▶ _Data extracts_:
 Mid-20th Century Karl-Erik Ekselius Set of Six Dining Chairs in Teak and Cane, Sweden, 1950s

* * *

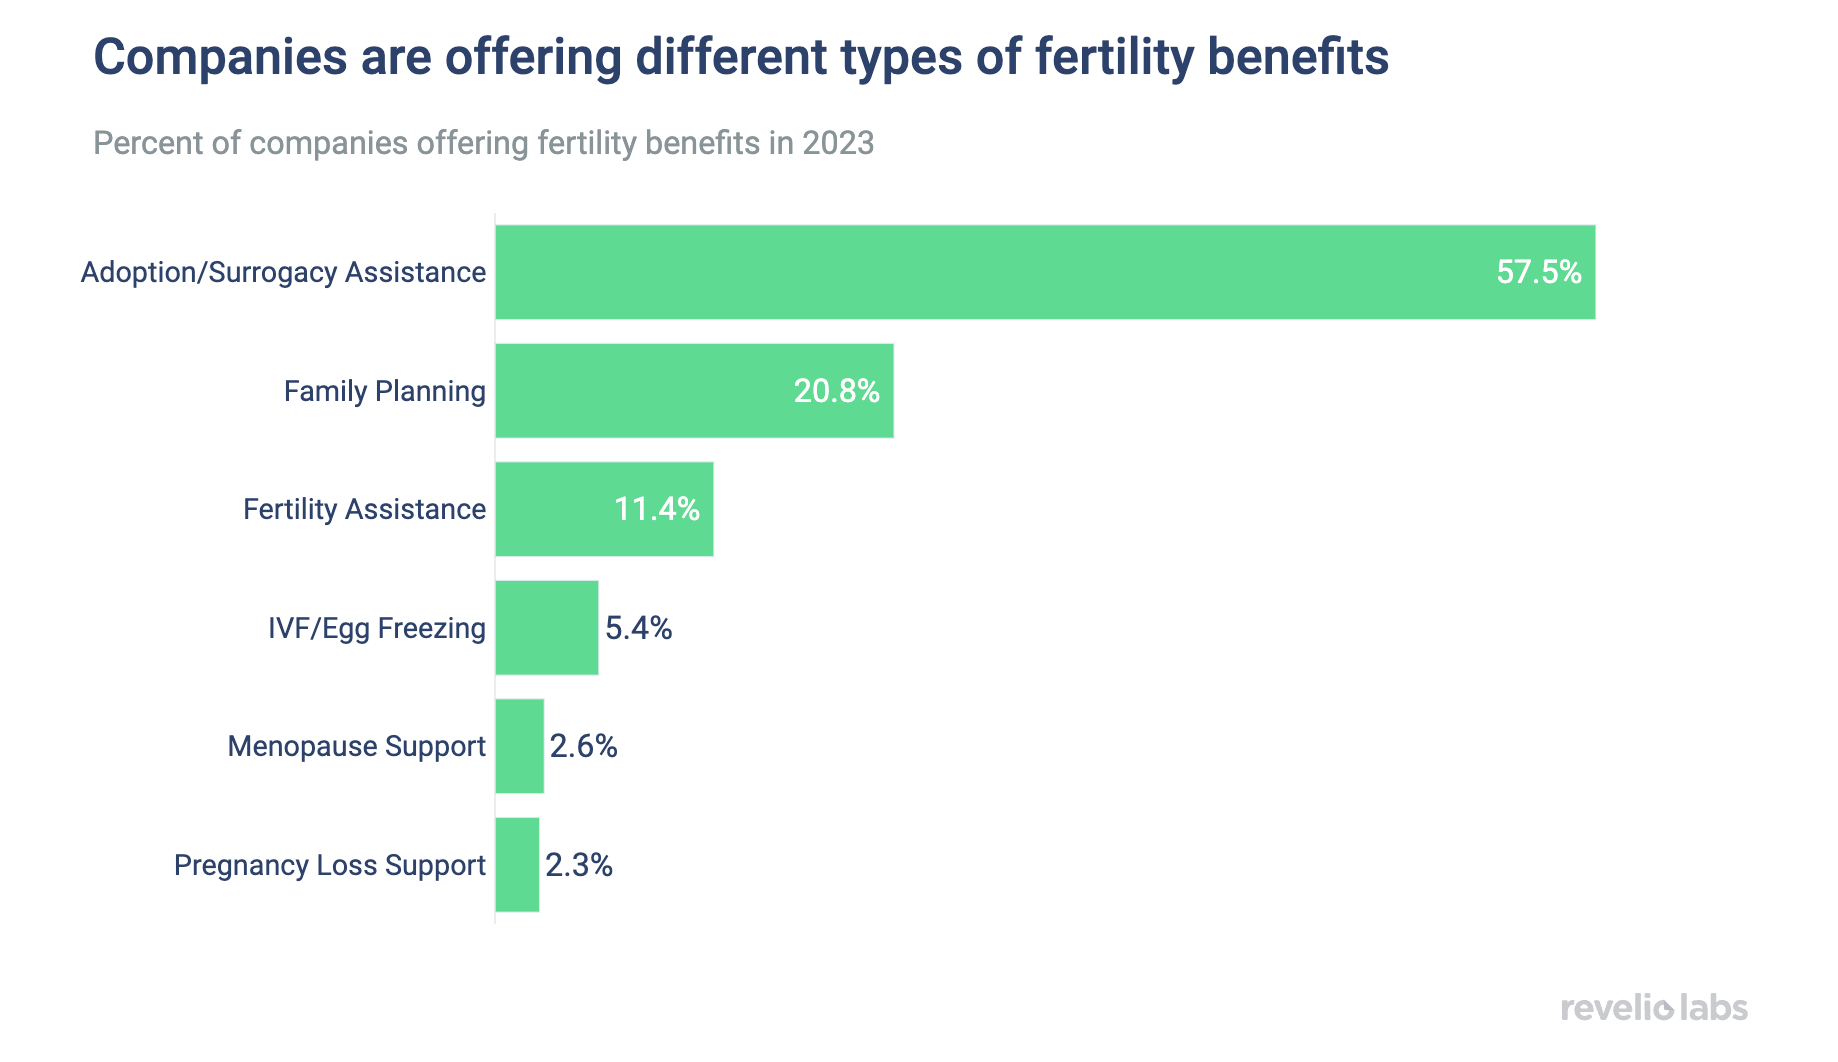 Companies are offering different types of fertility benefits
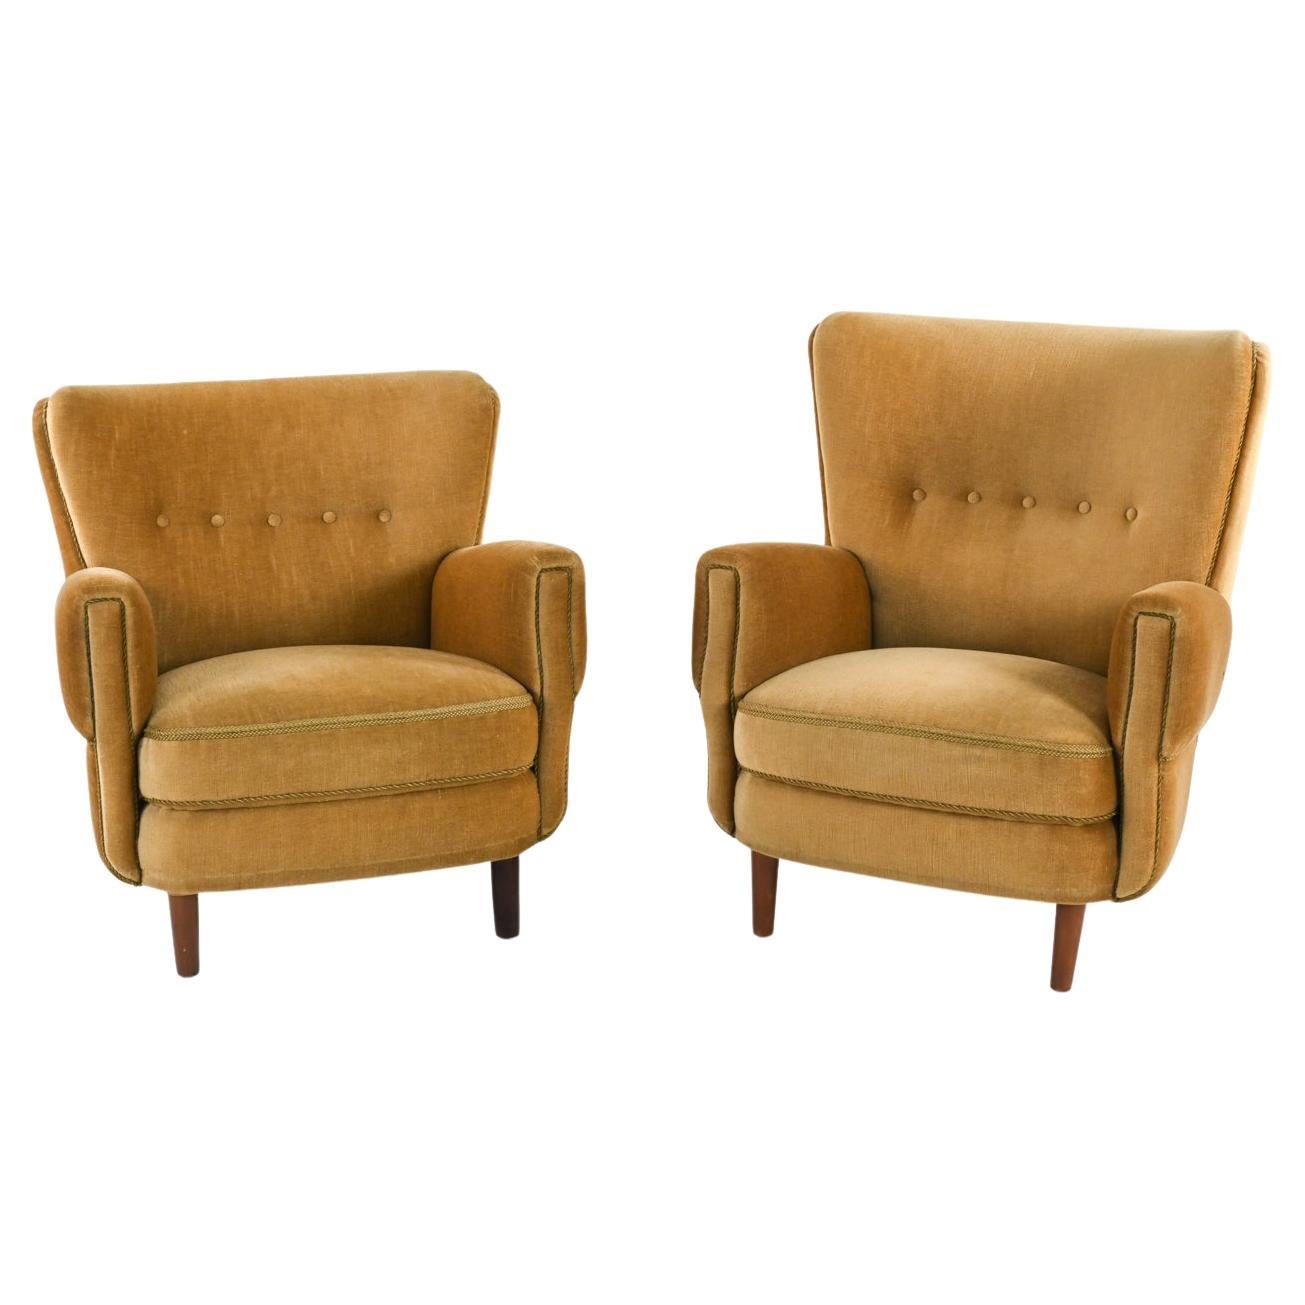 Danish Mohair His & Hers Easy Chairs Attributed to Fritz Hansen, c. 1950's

==

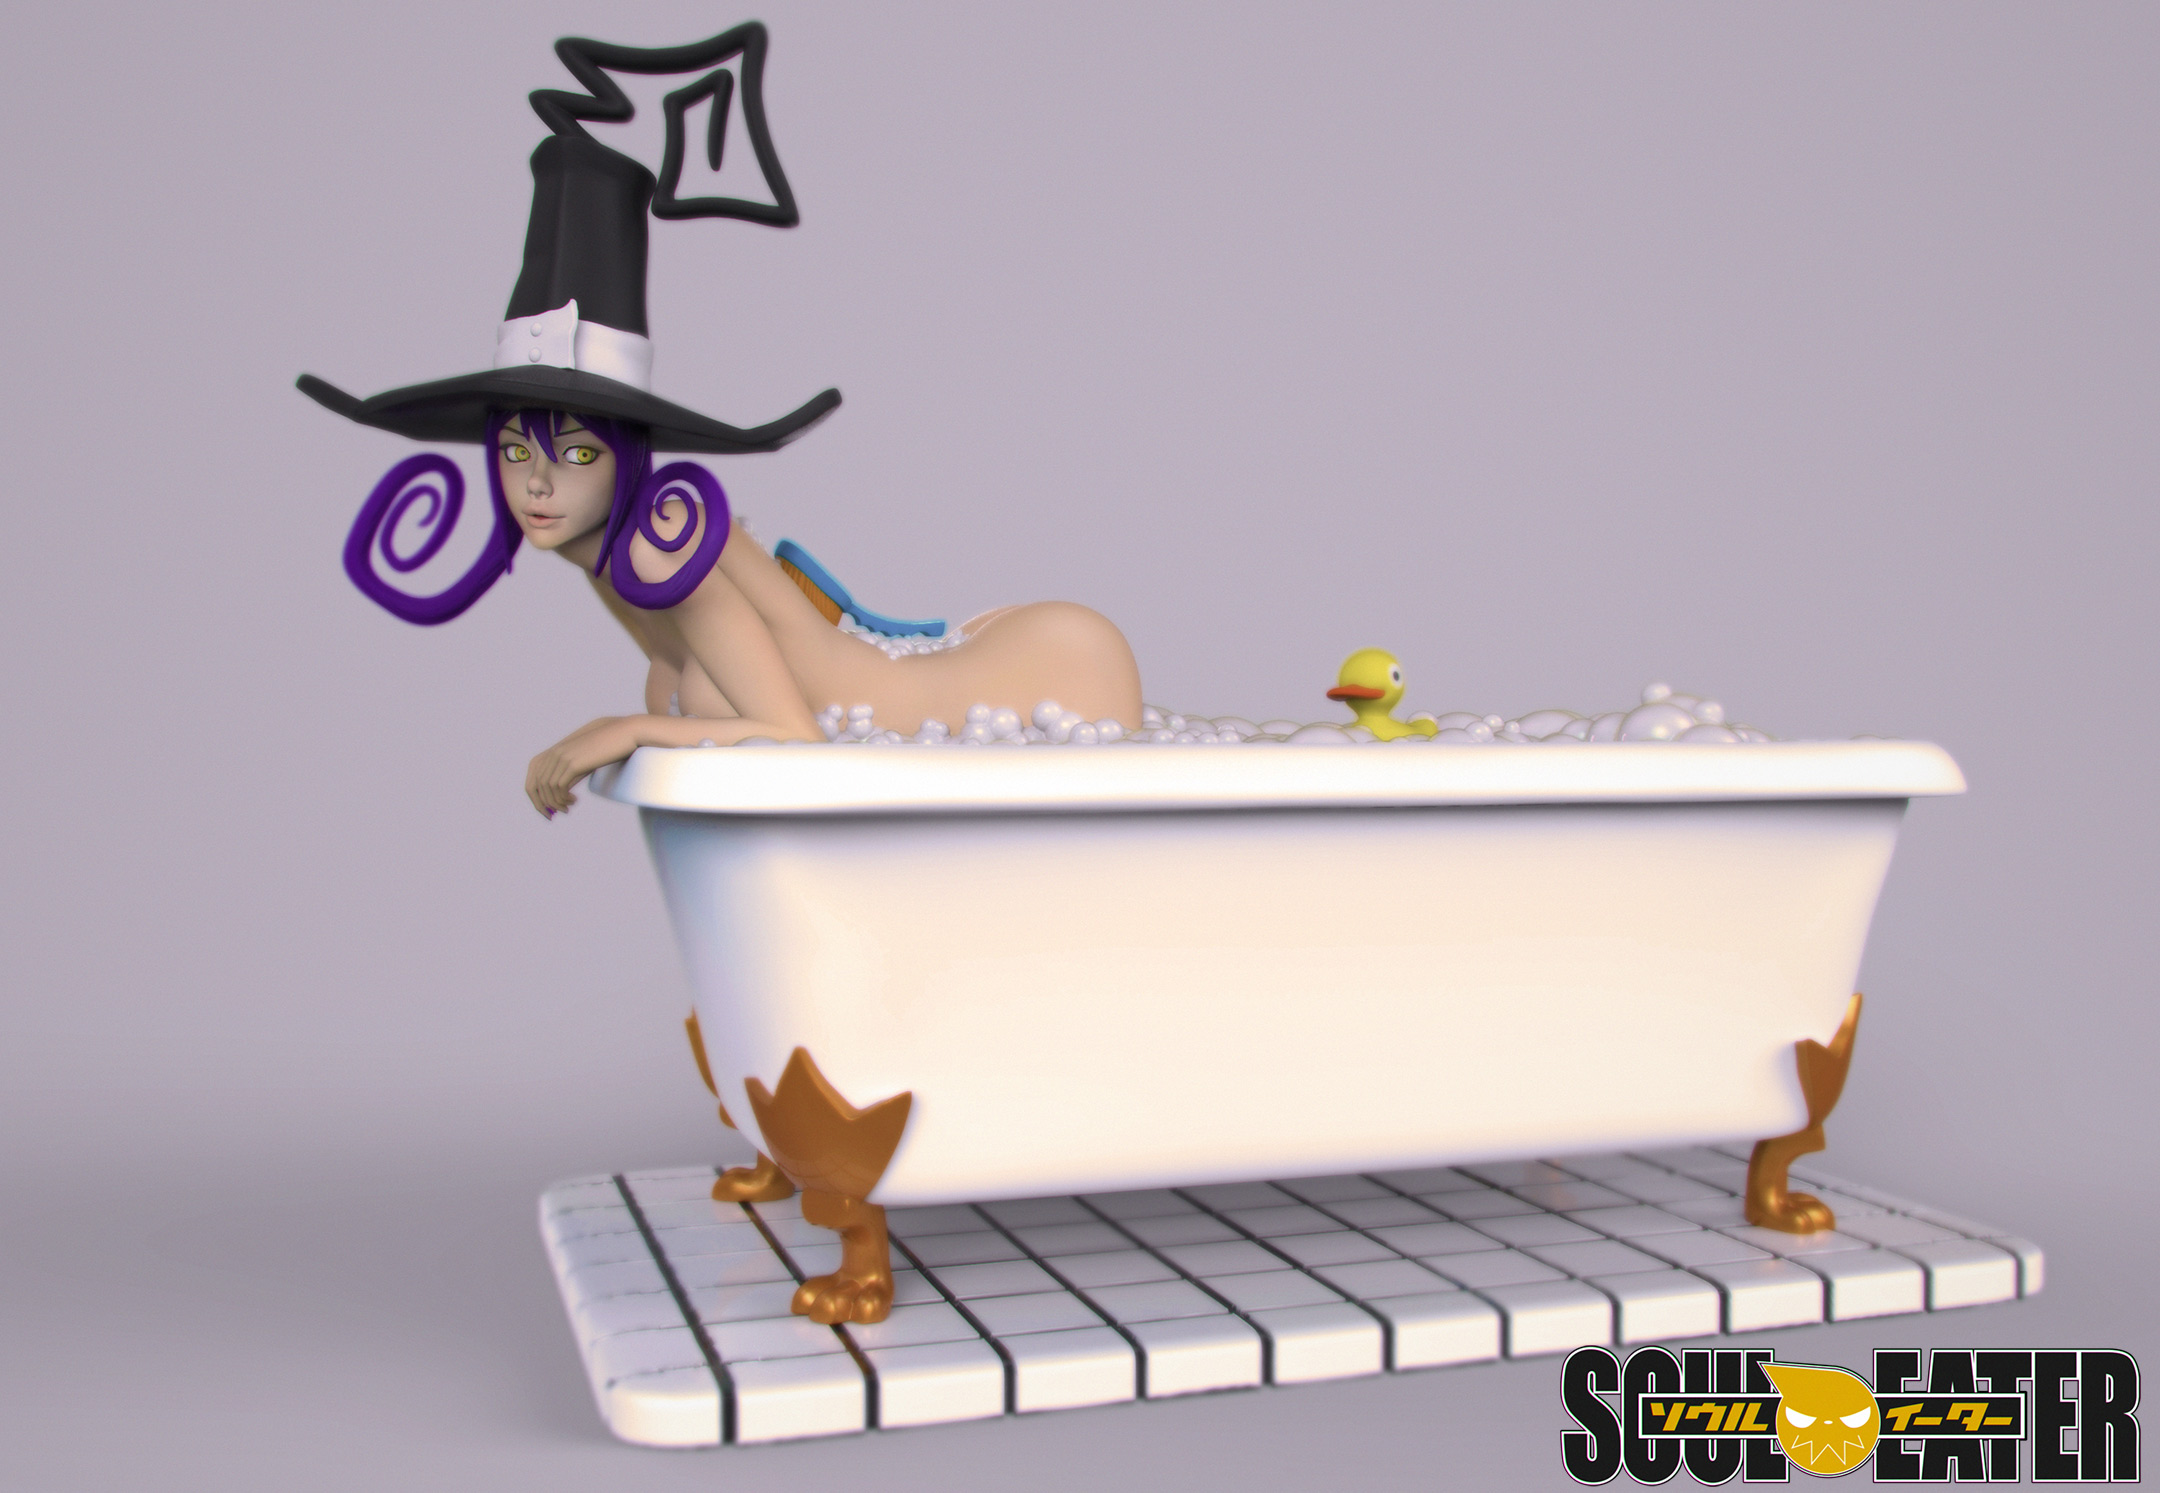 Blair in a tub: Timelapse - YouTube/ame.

▶ _The problem_:
Looking above, find the stretch of lines that opens with the one holding "Companies are offering" and closes with the one holding "Danish Mohair His". Copy it exactly, pictures excluded.

▶ _Result_:
 Companies are offering different types of fertility benefits
 Danish Mohair His & Hers Easy Chairs Attributed to Fritz Hansen, c. 1950's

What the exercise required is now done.